Lombok: Nirvana

Sneak Peek:

Inspired by a few ChatGPT searches and some fellow traveler recommendations, I decided to head to the southern shore of the island of Lombok for better surfing and fewer tattoo parlors. My first destination was a small beach called Selong Belanak. I heard conflicting reports online but there was some indication of a promising break a short paddle from the shore. I booked a hotel for two nights to try it out before moving on to the next break.

I carpooled with a couple lovely ladies from the UK and Australia from the pier to my hotel area.

The scenery confirmed my first hope for Lombok: a much slower pace with more natural beauty. Goodbye Bali.


The taxi driver asked me for a photo with him. Trust me he asked for this.


I arrived at my lodging for two nights: the Selong Holiday Budget Hotel.


My room had a lovely king bed, one overhead light, air conditioning, and consistent WiFi.


I also had this little resident gecko on my ceiling.

I wandered to the beach for dinner. It was 7:30pm but not a soul was out. It felt like the middle of the night.

I found the one open restaurant and ordered some local fish curry. I felt like I had done a hard 180 from Bali and was back to the normal world.


On day 1 I enjoyed my hotel's included breakfast.


The walk to the beach included substantially more farms and open land than hotels or bars - a welcome change.


After some wandering I settled on this surf shop.

I rented a board, hopped on a boat and hit the waves. The surfing was incredible and sparsely populated.


I returned two hours later and feasted on a post surf lunch.

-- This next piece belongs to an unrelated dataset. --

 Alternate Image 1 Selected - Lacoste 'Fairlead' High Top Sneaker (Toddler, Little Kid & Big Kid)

I laid back and watched the sunset.


When this crepe cart emerged it was the final nail in the coffin - I fell in love with Selong Belanak.

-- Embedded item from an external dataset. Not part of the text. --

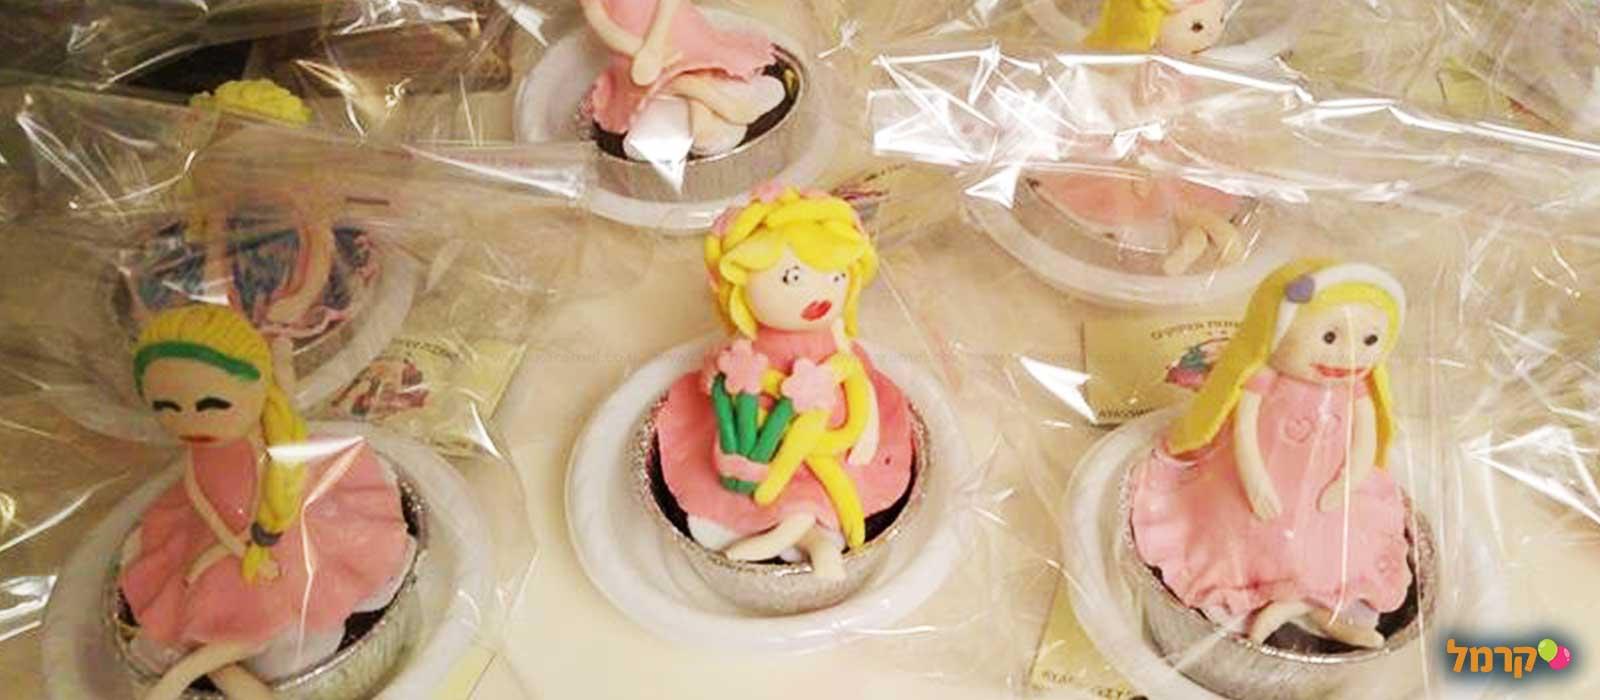 Aya's Sweets - 073-7597053

So extended my stay by another six nights and decided to go nowhere else in Lombok.

I quickly fell into a routine. I would say hello to my resident praying mantis in the morning.


Enjoy the hotel breakfast.



My fifteen minute walk to the beach always had some entertaining sights.

Like this pack of stray dogs eating a dead monkey. This ain't no Bali.


I would arrive at the surf shop.


Hop on a six minute boat ride to the surf break.


Surf to my heart's content. Return to the beach and drink a Diet Coke.


And feast on french fries and grilled chicken.


Then I would go back out for a late afternoon second session.

Some days I surfed with others, like Marco from Germany. This guy was awesome.


I always ended the day with a crepe.


And a sunset.

Some days I would swing by the local fruit stand and grab some bananas.


I always went to Amir's satay for a heaping portion of noodles for dinner.


We would chat about his life in Lombok and his son who lives in Illinois.


Rocky was the patient surf shop owner who tolerated my antics during seven days of surfing, including one missing fin and another broken fin.


I also met this next door guide Habibi who helped me dramatically improve my surfing. He was the man.


After eight nights in Selong Belanak (the longest I've been in one place since leaving America), I set out on the ferry back to Bali (shudder).

I adored Selong Belanak. It was such a welcome laid back break from the development of Bali. The town had an untouched charm of locals coexisting with a bare bones tourism industry. Many times there were more locals surfing than tourists. This truly was a special place I will miss dearly.


As I said goodbye to Lombok it meant the end of my month of solo travel and hello to Sophie (my sister) and Grace (my cousin). They were inbound over the Pacific as I began my journey back to Bali. The plan is to meet in Bali for a few days before living on a boat and Scuba diving for a week. Exciting blog content on the horizon!


From the vault:

This two year old ran around unsupervised without pants every day. That's the Selong Belanak charm.